Нашему подразделению удалось тогда отрезать вражескую пехоту от танков и взять Руду лобовой атакой. У фрицев были теплые хаты, награбленное продовольствие, численное превосходство, и все же они не устояли против голодных, невыспавшихся людей, которые провели пятнадцать часов на крепком украинском морозе.

— Это потому, что с нами вся наша страна, — заметил Володя, молодой советский боец с голубыми, как незабудки, мечтательными девическими глазами. Русские солдаты расположились в школе, в полсотне метров от чехословаков, и русый Володя с веселым темноволосым Николаем зашли к соседям. — С нами вся наша страна, а фрицы тут наедине со своей нечистой совестью.
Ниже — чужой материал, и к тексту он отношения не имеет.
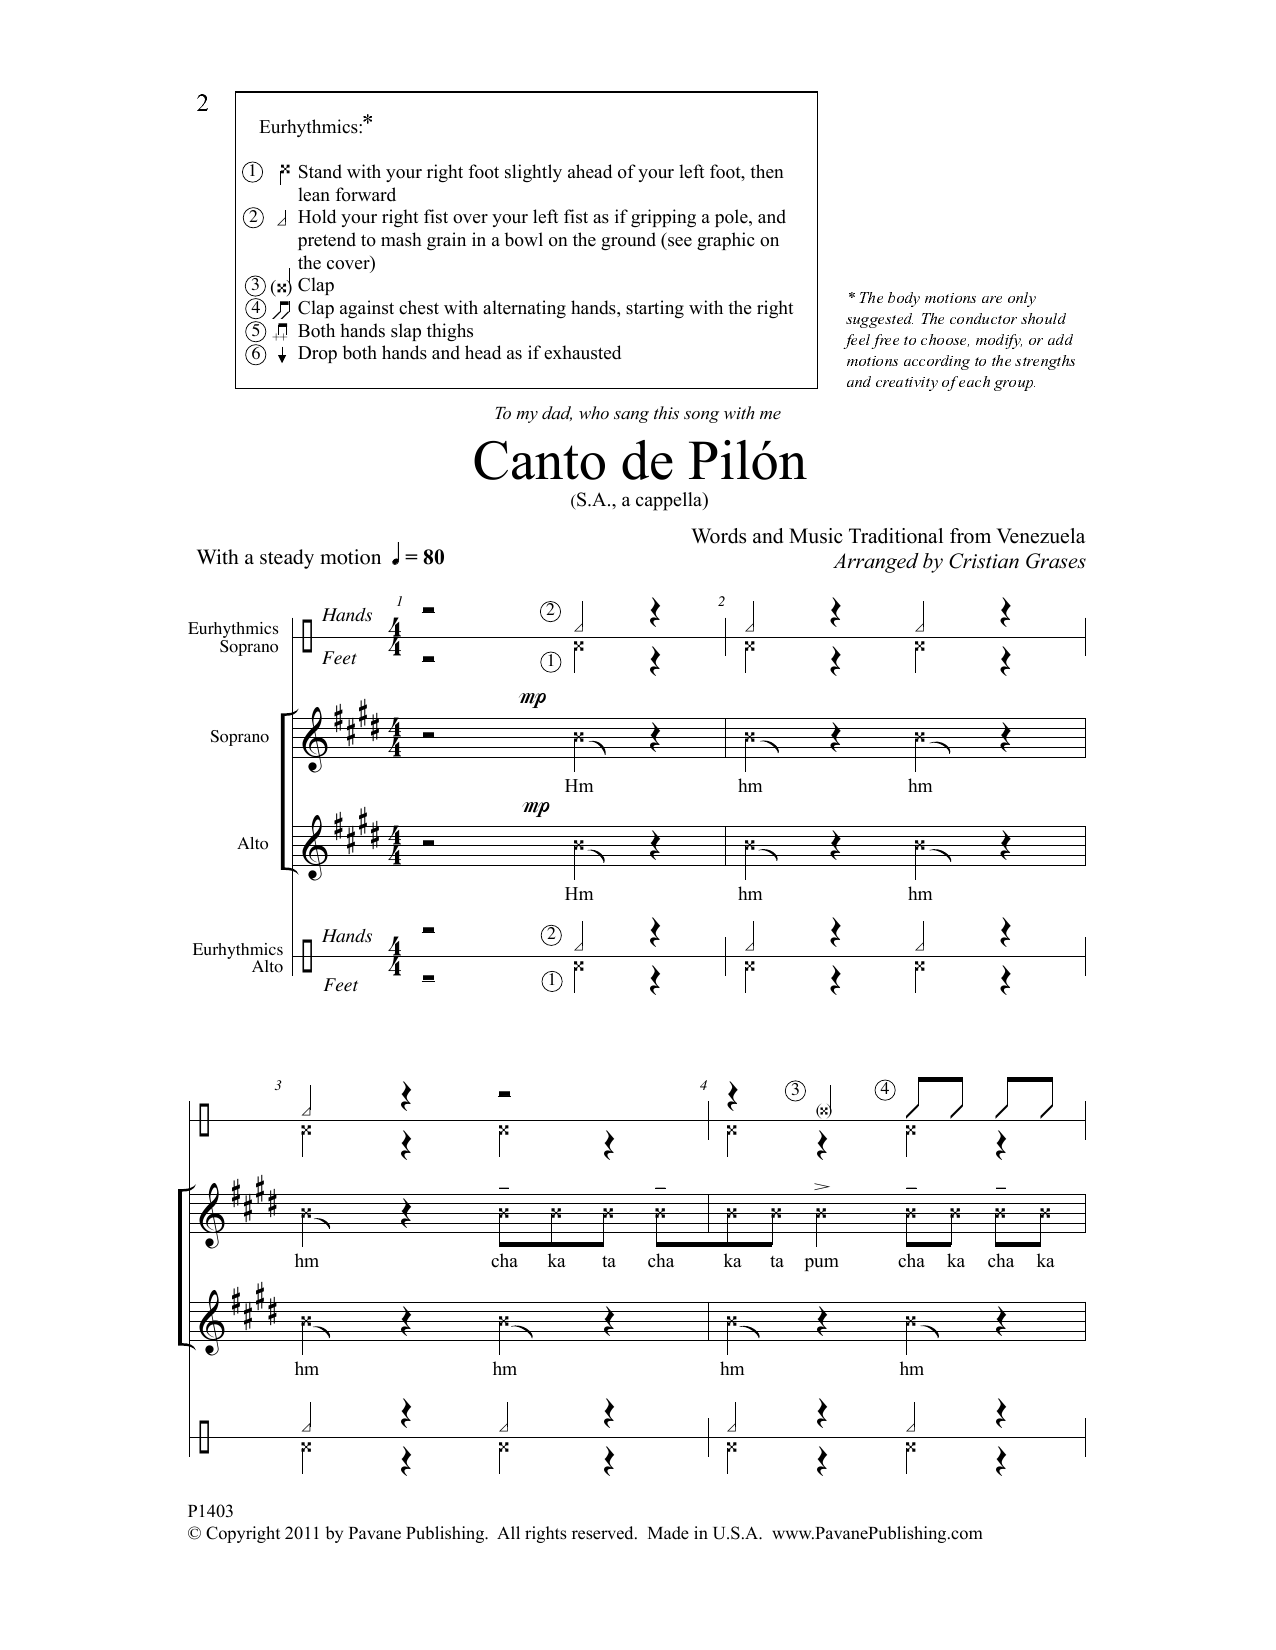 Cristian Grases Canto de Pilon Sheet Music Notes & Chords for SAB Choir - Download or Print PDF
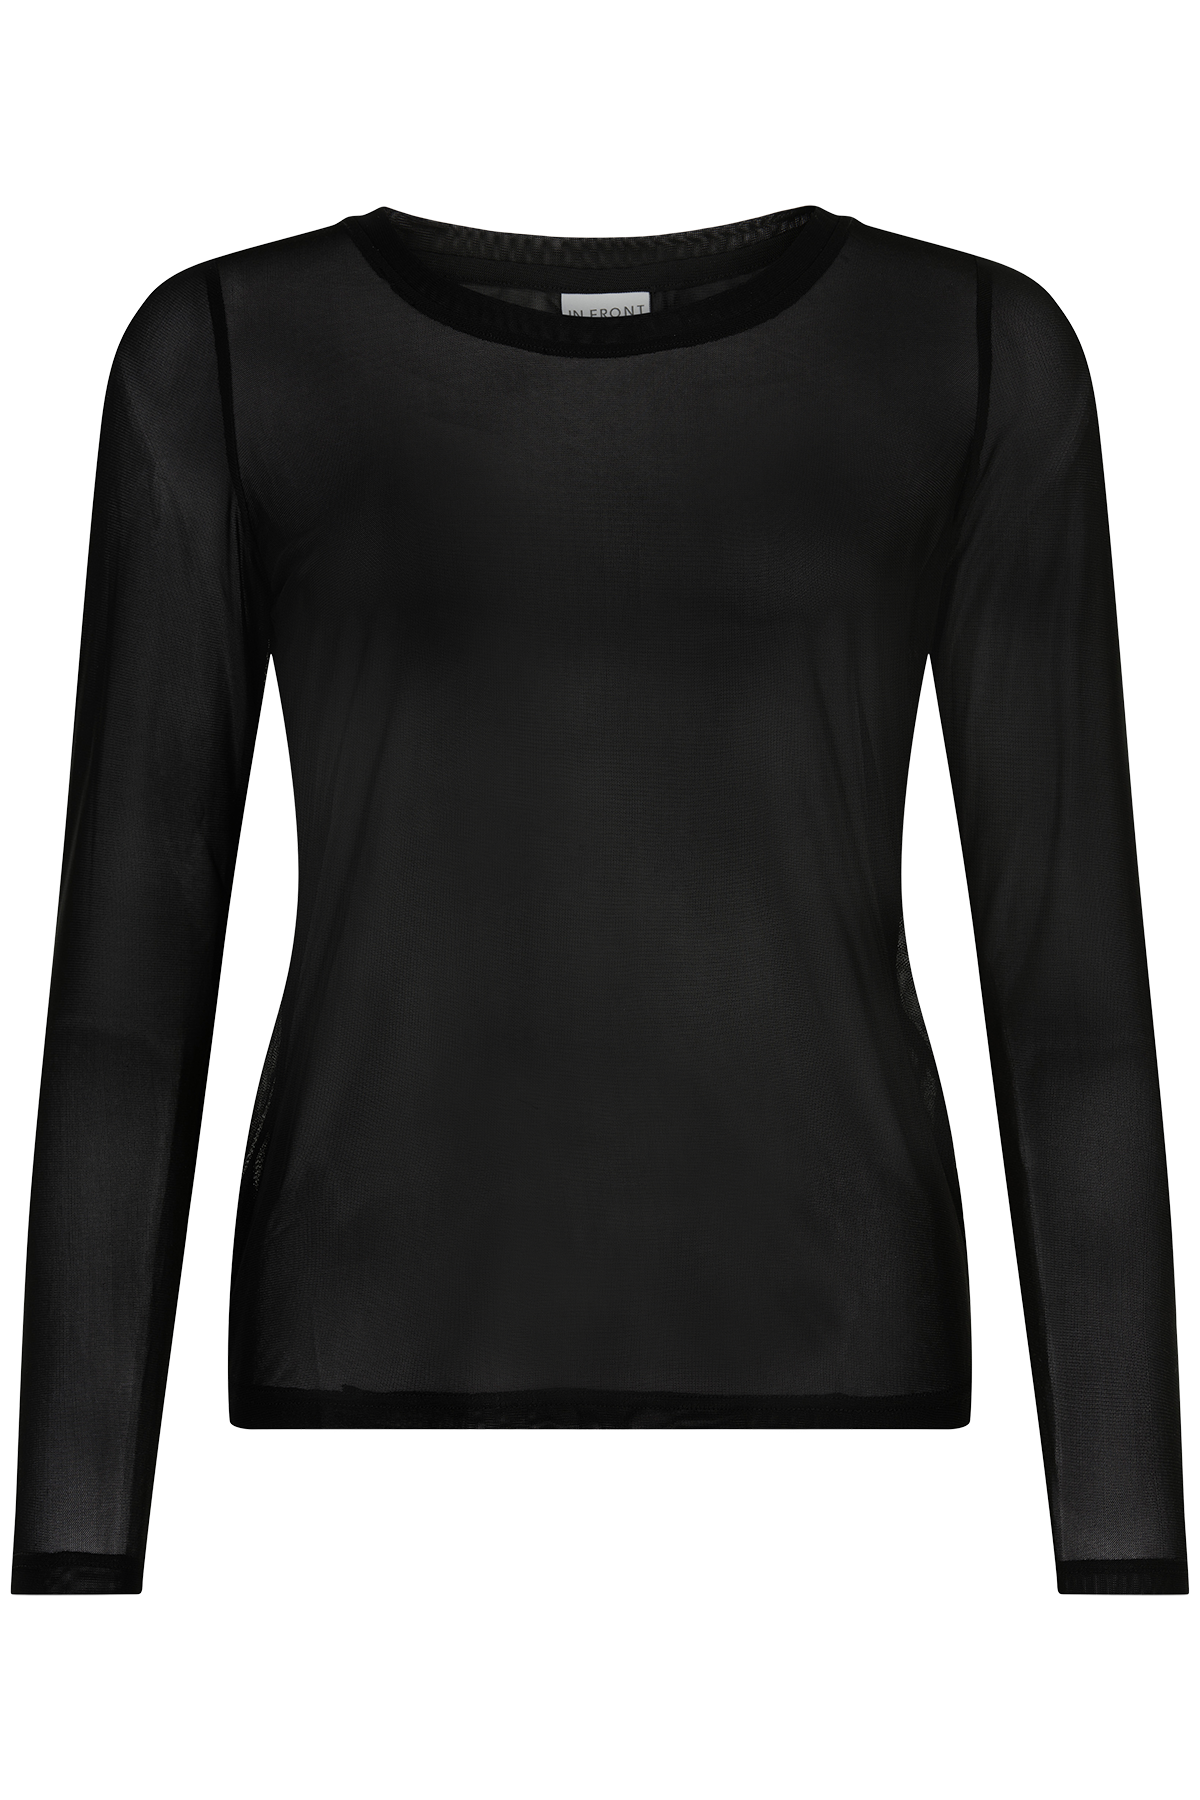 Se IN FRONT Gro Mesh T-shirt, Farve: Black, Størrelse: L, Dame hos Infront Women

А это плохой союзник.

— Уж не думаешь ли ты, что нацистов мучает совесть? — с чешской рассудительностью возразил Ондржей юному Володе, и в тоне его прозвучало превосходство старшего.

— Ну как же, у них есть и еще союзники, — засмеялся другой красноармеец. — Румынские и венгерские фашисты да Голубая дивизия. Но после Сталинграда эти союзники только и глядят, как бы смыться.

— Боятся конца, проклятые, — с юношеской серьезностью продолжал Володя. — Не хотел бы я быть в их шкуре. Всюду их окружает ненависть, они дышат ею, а это похуже мороза. От любви человек расцветает.

— Что верно, то верно — человек от любви расцветает, — восторженно подтвердил словак Иожо. — Куда ни придешь, всюду тебя готовы носить на руках. Детей в одеяльцах кладут на пол, а нас, грязных, чумазых, на кровать. Помните, ребята, село Веселое? Вот уж где все было съедено подчистую! Немцы там побили всю скотину, всю птицу до последнего куренка. А эти люди нам все-таки принесли что могли: черные лепешки, мед, семечки. Сами недоедали… Звезды с неба для нас готовы были достать! Ну и народ здесь, прямо сказка, — восхищенно добавил он свое излюбленное русское выражение.

— Вы первые из всех славян присоединились к нам, — сердечно сказал Володя. — Не удивляйтесь, что вас здесь любят.

— Мы идем вместе с вами, но тем самым сражаемся за себя, — отозвался Ондржей.

— Знаешь, как говорил командир в лесу над Днепром, — вспомнил Людек: — «За Киев — это значит и за Прагу».

— И за Братиславу! — сказал словак Иожо.

— Злата Прага, — мечтательно произнес Володя. — Хотел бы я побывать там!

— Она, правда, не золотая, — поправил Ондржей, в нем снова заговорила чешская педантичность, — а серая и черная от копоти и дыма. Но я бы не променял ее ни на какой город в мире.

— А я бы не променял Киев, — быстро сказал Володя. — Но я туда не вернусь. Буду работать в другом месте.

Его старший товарищ промолчал.

Володя не любил рассказывать о том, что у него погибла вся семья, но в его взводе об этом знали. Отец Володи, старый коммунист, пал под Сталинградом, дедушку, мать и двух младших сестер убили фашисты, как только пришли в Киев. Они согнали коммунистов и евреев за город, в Бабий Яр, заставили их раздеться донага и сотнями расстреливали, сбрасывая трупы в яму. Володя по чистой случайности избег этой кровавой расправы — в ночь, когда гестапо проводило массовые аресты, его не было в городе. Потом он ушел к партизанам, а позднее попал и в армию. Армия стала ему семьей и домом, — ведь у него не осталось ни одного близкого человека. Кроме того, военная служба нравилась юноше: ведь это значило, что он уже по-настоящему взрослый. Володе было всего восемнадцать лет, и он был тоненький, как девушка. Вся рота любила его, солдаты воспитывали юношу и заботились о нем, как о родном сыне, обращались с ним подчеркнуто серьезно.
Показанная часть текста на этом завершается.